The case was an example of ‘CV fraud’.  A obtained remunerative employment and two NHS appointments as a result of dishonest statements made about his academic qualifications and employment experience in the respective job applications.  He would not have been offered the positions had the truth been known because he did not possess the required qualifications or experience.  His employment/positions would have been terminated at once had the truth been discovered; in the event, he resigned before he could be sacked. 
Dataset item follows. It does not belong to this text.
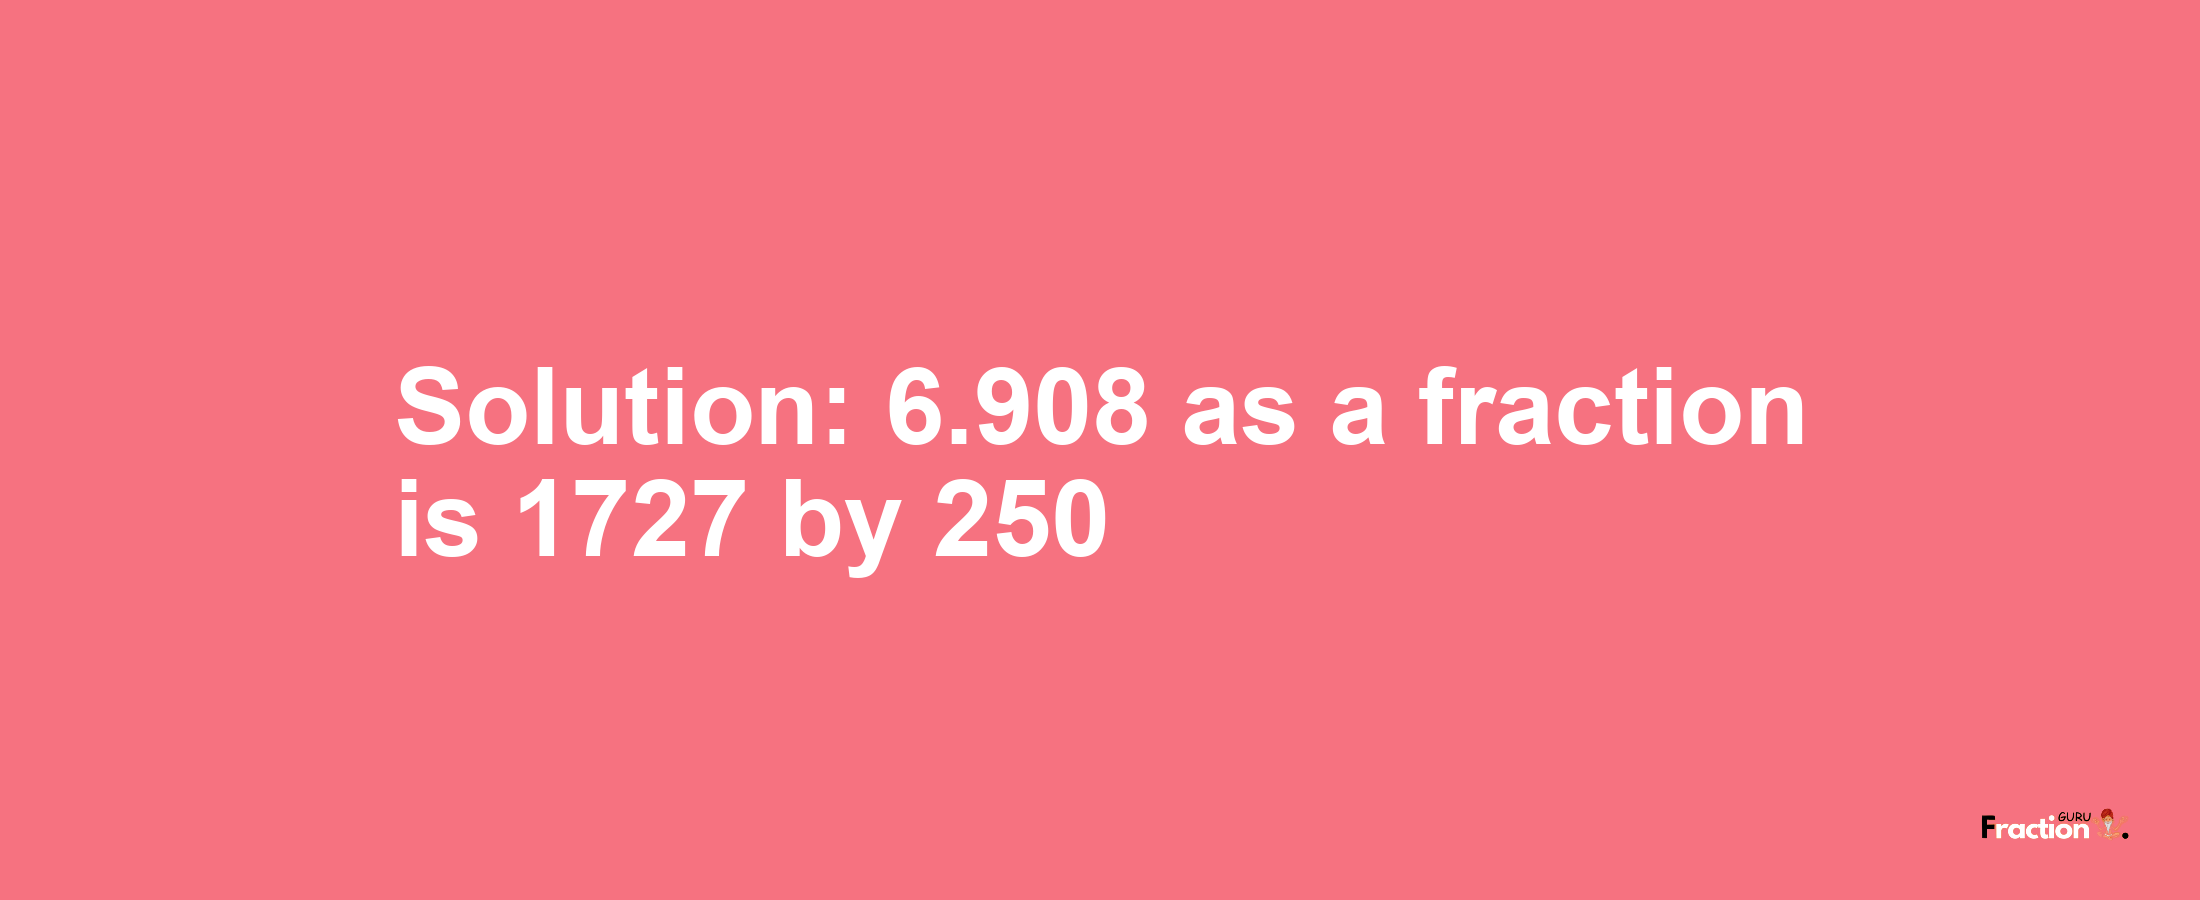 Solution:6.908 as a fraction is 1727/250

The false representations continued throughout his employment/terms of office and were not limited to the date on which the dishonest job applications were submitted. When sentencing, the judge remarked that for a period of over 10 years A’s outwardly prestigious life “had been based on a lie - more accurately, a series of staggering lies”. 

 

In the Crown Court, benefit was calculated by reference to his total net salary and remuneration (£643,602.91). However, as the available amount, and hence the recoverable amount, was agreed to be £96,737.24, the confiscation order was made in that sum.

 

The decision of the Court of Appeal

In the Court of Appeal [CoA] it was argued for A that (i) his remuneration was causally too removed from the criminal conduct to constitute benefit therefrom (the causation issue); and (ii) the confiscation order was disproportionate because it in substance required him to make payment back of his remuneration in circumstances where he had already given full value (the proportionality issue). 

 

The CoA rejected A’s contentions on the first ground but decided that the order was disproportionate because by performing the services, he had given full value for the remuneration he had received [§91]. However, the court distinguished those cases where the false representation concerns a legal requirement for the post (e.g. holding an HGV licence or being entitled to work in the UK); in such a case, the applicant has no lawful right to work, and cannot lawfully give value [§94]. As there was no legal bar to A’s being employed or appointed, he was to be taken as having given full value for his remuneration. The situation was therefore analogous to restoring the benefit received. A confiscation order would accordingly be disproportionate to the aim of the 2002 Act: it would involve a double penalty [§98].

The CoA certified this point of law for the Supreme Court to answer:

“Where a defendant obtains remuneration as a result of or in connection with an offence of fraud based upon the obtaining of employment by false representations or non-disclosure, in what circumstances (if any) will a confiscation order based on the wages earned be disproportionate within the terms of section 6(5) of the Proceeds of Crime Act 2002, or contrary to Article 1, Protocol 1 of the European Convention on Human Rights?”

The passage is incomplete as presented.